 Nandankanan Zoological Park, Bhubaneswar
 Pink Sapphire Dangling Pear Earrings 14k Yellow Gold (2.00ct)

* * *

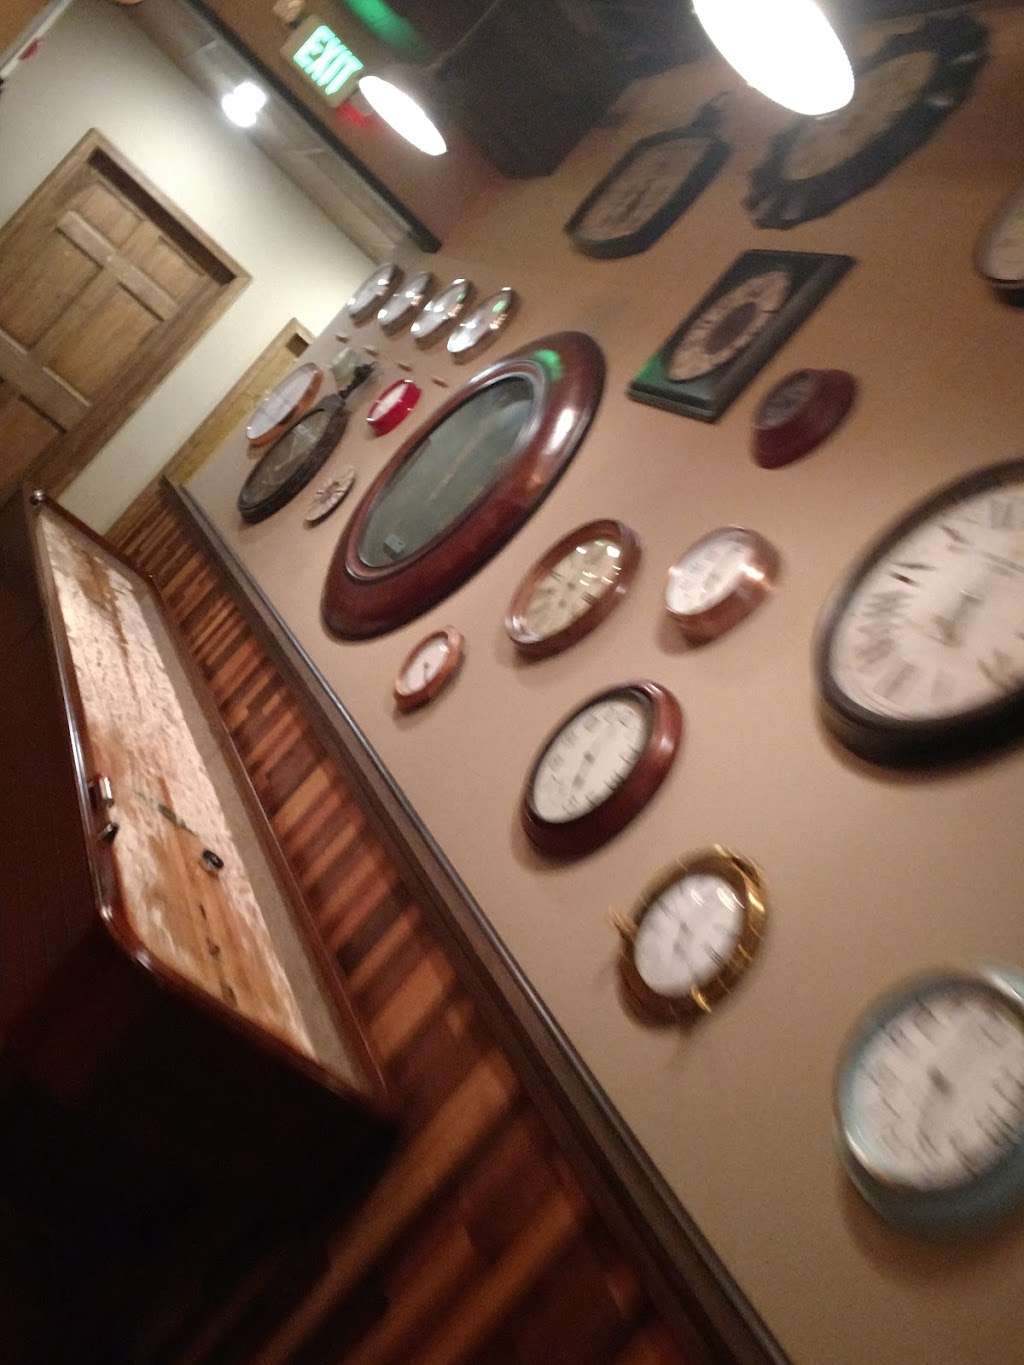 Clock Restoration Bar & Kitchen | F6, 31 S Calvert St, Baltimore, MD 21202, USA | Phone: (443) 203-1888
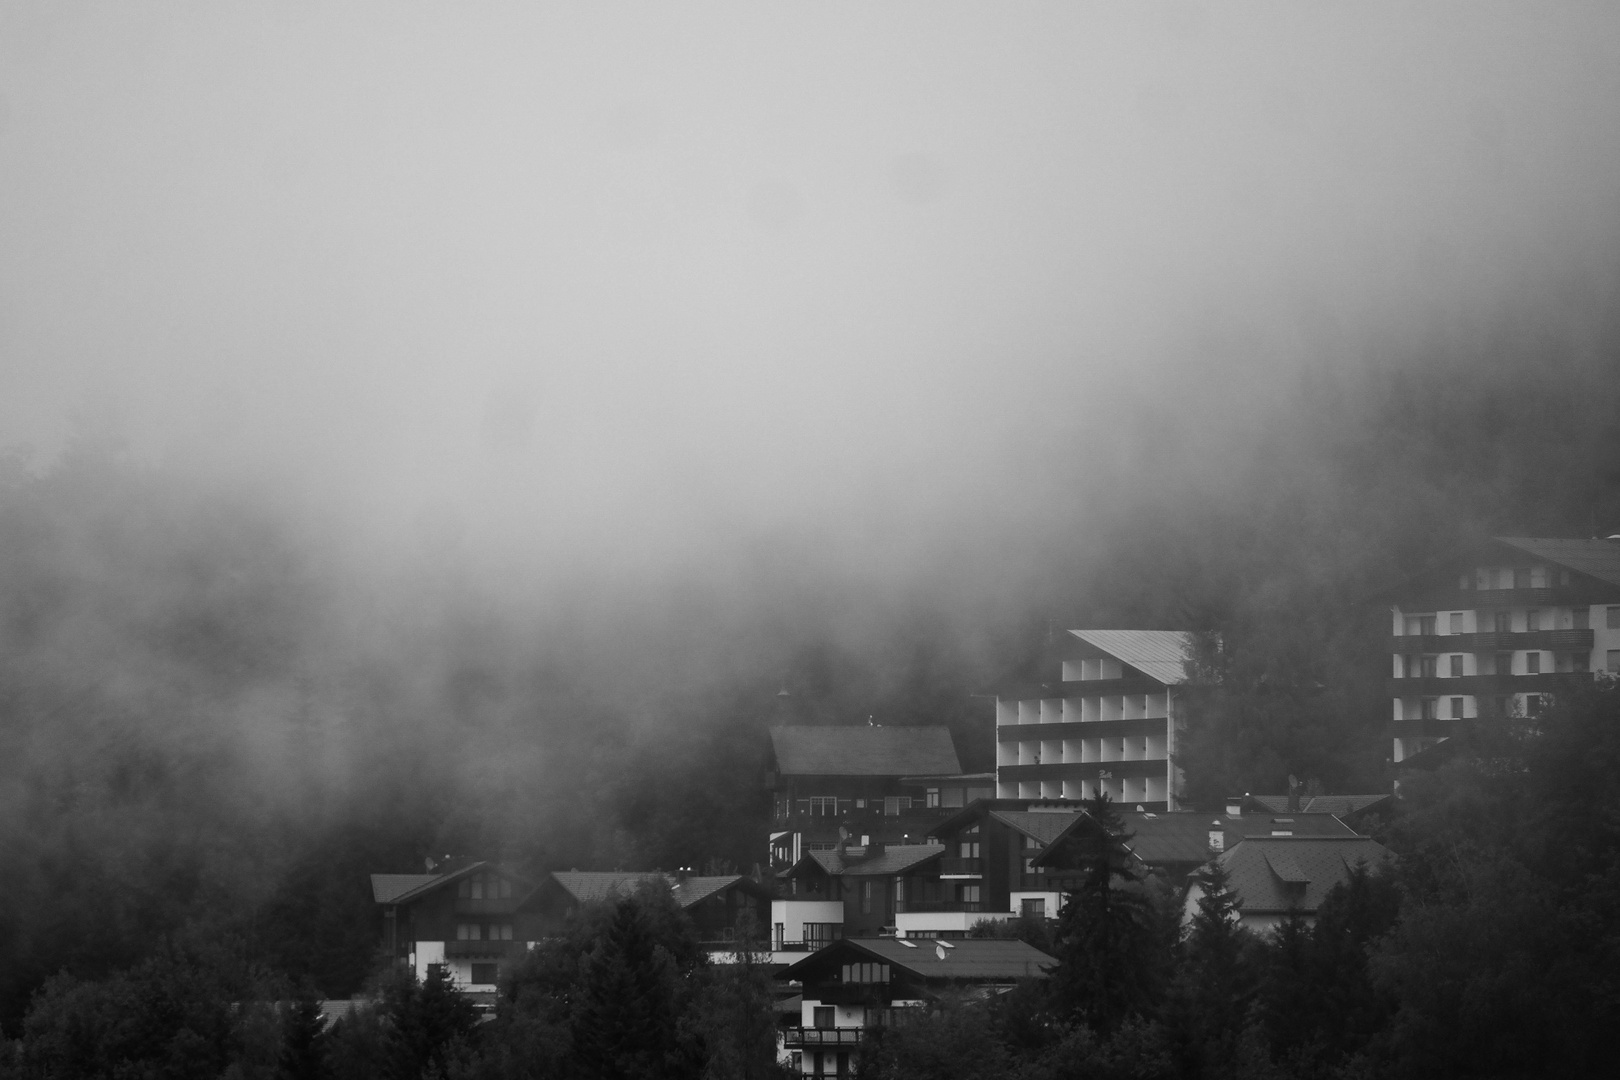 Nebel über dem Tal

• _What you should do_:
Lines wanted from the entries above: the one with "Clock Restoration Bar", the one with "Nebel über dem Tal", and all lines between. Please copy them exactly, without the pictures and without anything else.

• _Result below_:
 Clock Restoration Bar & Kitchen | F6, 31 S Calvert St, Baltimore, MD 21202, USA | Phone: (443) 203-1888
 Nebel über dem Tal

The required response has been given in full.